In general usage, a cuesta is a hill or ridge with a gentle slope (backslope) on one side, and a steep slope (frontslope) on the other. The word is from Spanish: "flank or slope of a hill; hill, mount, sloping ground". In geology and geomorphology, cuesta refers specifically to an asymmetric ridge with a long and gentle backslope called a dip slope that conforms with the dip of a resistant stratum or strata, called caprock. The outcrop of the caprock forms a steeper or even cliff-like frontslope (escarpment), cutting through the dipping strata that comprise the cuesta.[1] [2] [3]
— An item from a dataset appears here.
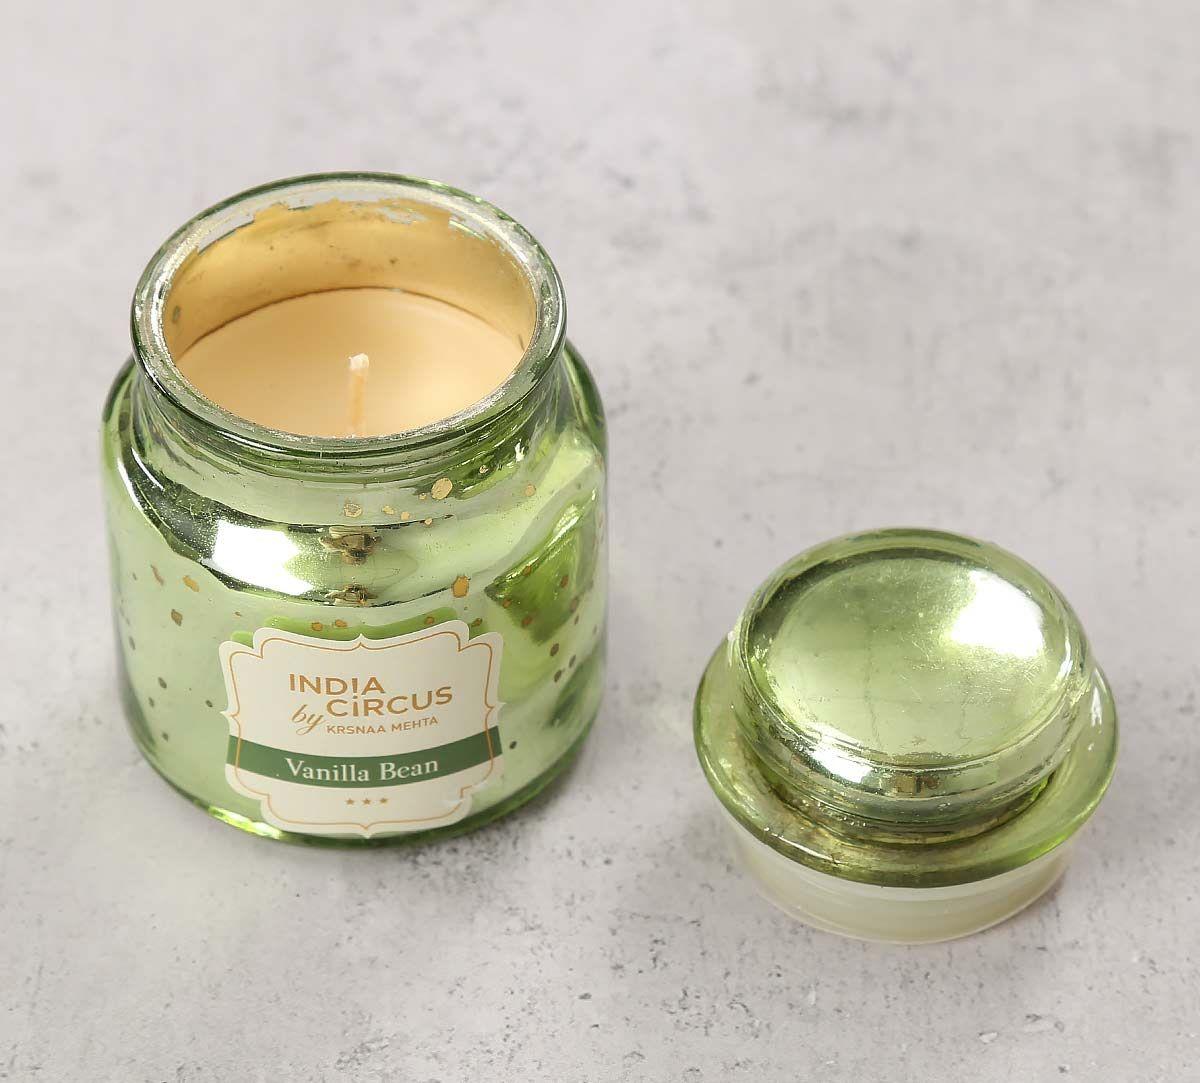 India Circus Vanilla Bean Yankee Jar Candle

Cuestas are the expression of extensive outcrops of gently dipping strata, typically sedimentary strata, that consist of alternating beds of weak or loosely cemented strata, i.e. shale, mudstone, and marl and hard, well-lithified strata, i.e. sandstone and limestone. The surfaces of the hard, erosion-resistant rock strata form the caprock of the backslope (dip-slope) of the cuesta, where erosion has preferentially removed the weaker strata. The frontslope of the cuesta consists of an escarpment that cuts across the bedding of the strata comprising it. Because of the gently dipping nature of the strata that forms a cuesta, a significant shift in horizontal location will take place as the landscape is lowered by erosion.[1] [2] [4] [5] Because the slope of a cuesta dips in the same direction as the sedimentary strata, the dip angle of this bedding (θ) can be calculated by (v / h) = tan(θ) where v is equal to the vertical distance and h is equal to the horizontal distance perpendicular to the strike of the beds.[6]
Cuestas, homoclinal ridges, and hogbacks comprise a sequence of landforms that form a gradational continuum. These landforms differ only on the steepness of their backslopes and the relative differences in the inclination of their backslopes and frontslopes. These differences depend upon whether the dip of the strata from which they have been eroded are either nearly vertical, moderately dipping, or gently dipping. Because of their gradational nature, the exact angle of the backslope that separates these landforms is arbitrary and some differences in the specific angles used to define these landforms occur in the scientific literature. It also can be difficult to sharply distinguish immediately adjacent members of this series of landforms because of their gradational nature.[2] [4] [5] [7]
In North America, two well-known cuestas in western/central New York and southern Ontario are the Onondaga escarpment and the Niagara Escarpment. The dip of the Onondaga is about 40 feet per mile (about 7.6 m/km) to the south. In their most populated sections both escarpments edges face north, running roughly parallel to the southern Lake Ontario shoreline and, for the former, the Mohawk River.
The Gulf Coastal Plain in Texas is punctuated by a series of cuestas that parallel the coast, as are most coastal plains.[8] The Reynosa Plateau is the most coast-ward cuesta, which has surface expression with the Bordes-Oakville escarpment, on the northwest side and a low ridge on the eastern boundary, called the Reynosa Cuesta, where the deposits dip below later Pliocene-Pleistocene deposits of the Willis and Lissie Formations.
Cuestas have less dramatic expression in the United Kingdom, with two notable examples being the northwest-facing escarpment of the Cretaceous chalk White Horse Hills and the similarly aligned escarpment of the Jurassic limestones in the Cotswolds, sometimes called the Cotswold Edge. Other examples include the Brecon Beacons, Wenlock Edge, the Chilterns, the North and South Downs and the Greensand Ridge of Kent and Surrey
In continental Europe, the Swabian Alb offers particularly good views of cuestas in Jurassic rock. In France, the term for a cuesta is the same as for a coastline: côte. Notable French cuestas are the wine-growing regions of Côte d'Or.
The Machinchang Formation outcrops in the Langkawi islands off the coast of northwestern Malaysia. The formation is one of the oldest exposed rock units in Southeast Asia and has an extensive eroded anticline cuesta topography—dating back to Cambrian.